Their goal was brazen: To create an alternative to Facebook that, like peer-to-peer file sharing networks, doesn’t have a central repository of information. But instead of trying to hide bootlegged music from the RIAA, Diaspora’s goal would be to preserve individual users’ privacy, something Facebook has repeatedly been accused of not doing.

Diaspora struck a nerve among people with money to give. In 12 days, the group had met its $10,000 goal. By Tuesday, it was close to $25,000 from 750 backers. That’s when the New York Times ran a story on Diaspora with a nerdy-but-charming photo of the four young men.

Boom. The Times’ coverage kicked Diaspora-mania into an even higher gear. In less than 48 hours, donations have shot to $120,000 from more than 3,000 donors. Any entrepreneur who’s tried to raise $100,000 in bootstrap money can be forgiven for seething with envy.

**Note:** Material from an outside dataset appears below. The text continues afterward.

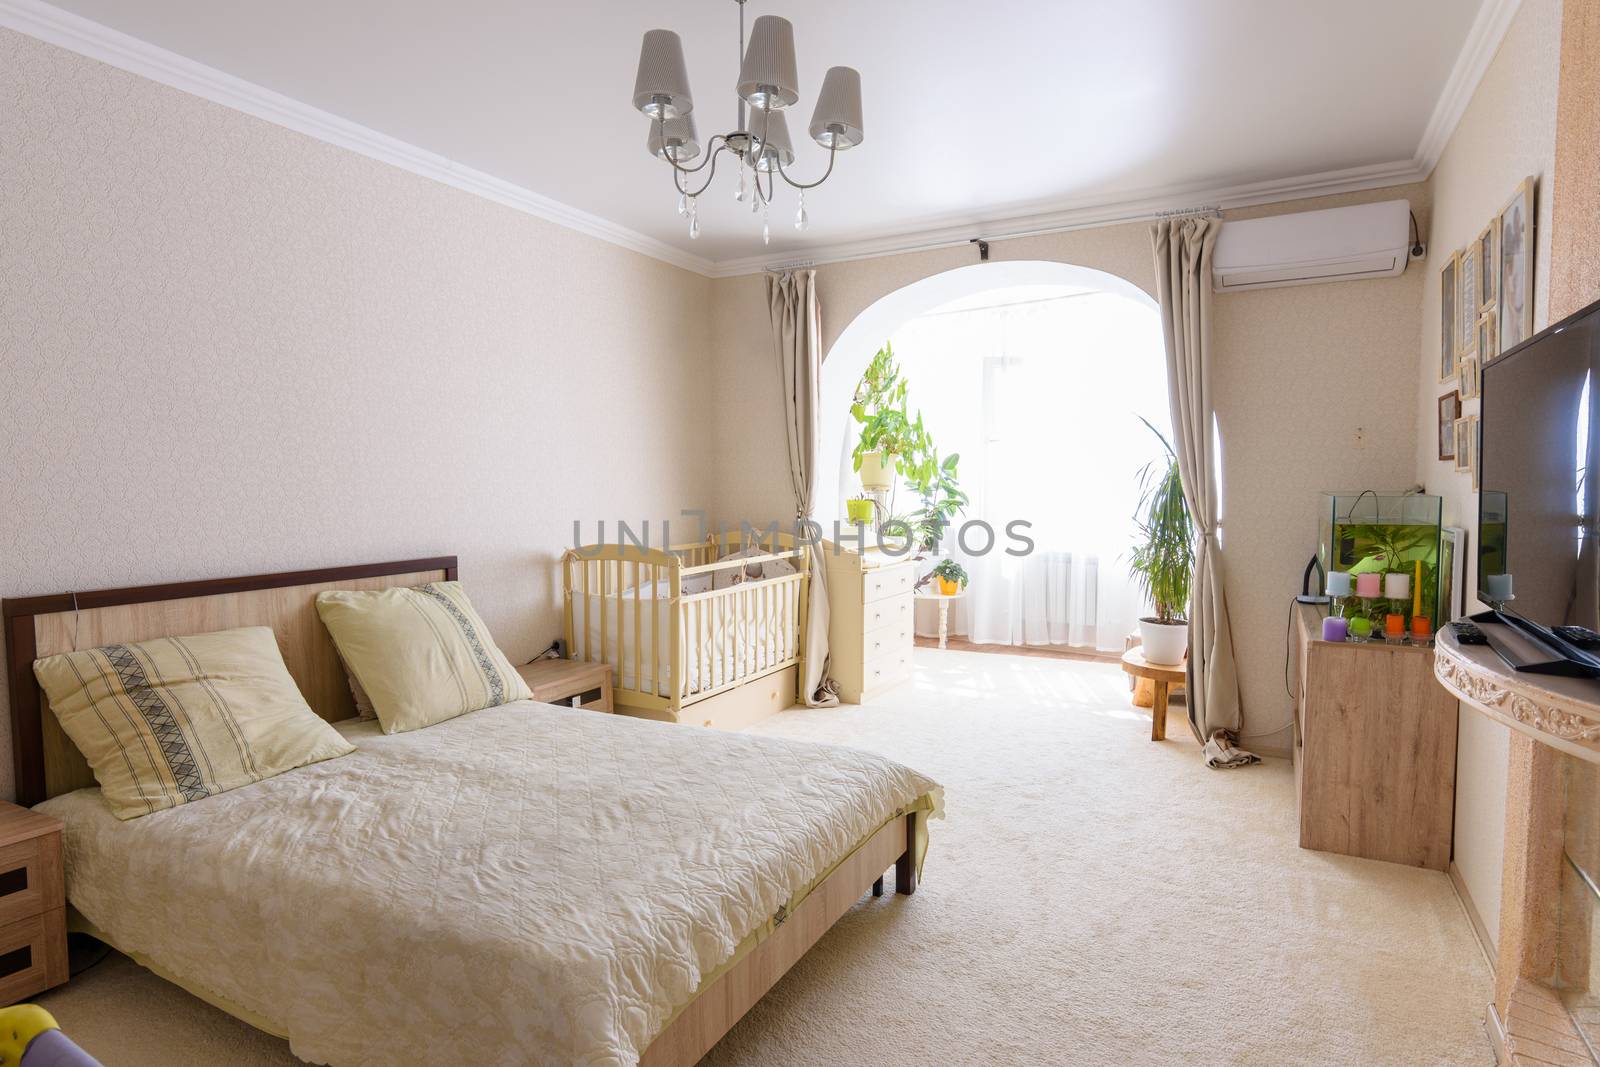 Nice interior of a bedroom combined with a balcony and a crib for a newborn baby by Madhourse

Here’s the 100-word version of Diaspora’s manifesto:

“We believe that privacy and connectedness do not have to be mutually exclusive. With Diaspora, we are reclaiming our data, securing our social connections, and making it easy to share on your own terms. We think we can replace today’s centralized social web with a more secure and convenient decentralized network. Diaspora will be easy to use, and it will be centered on you instead of a faceless hub.”

Diaspora has been blessed with the buzz that escapes most decentralized sharing networks, such as Opera Unite. How does that work? For starters, both Diaspora and Kickstarter are based in New York City, where Internet startups and crazy Web projects are suddenly hot in a way that the San Francisco scene was in 1996.

The group’s timing and message were also key. A team of PR pros couldn’t have done better than to launch a blatant anti-Facebook days after Facebook’s f8 developer conference, tapping into the frustration many techies felt about Mark Zuckerberg’s obvious decision to push his members’ personal boundaries on privacy issues, in order to drive them to what Zuckerberg sees as the greater good of sharing, rather than hiding, personal information. Diaspora gave Facebook obsessives with money and a grudge a nice big button to click.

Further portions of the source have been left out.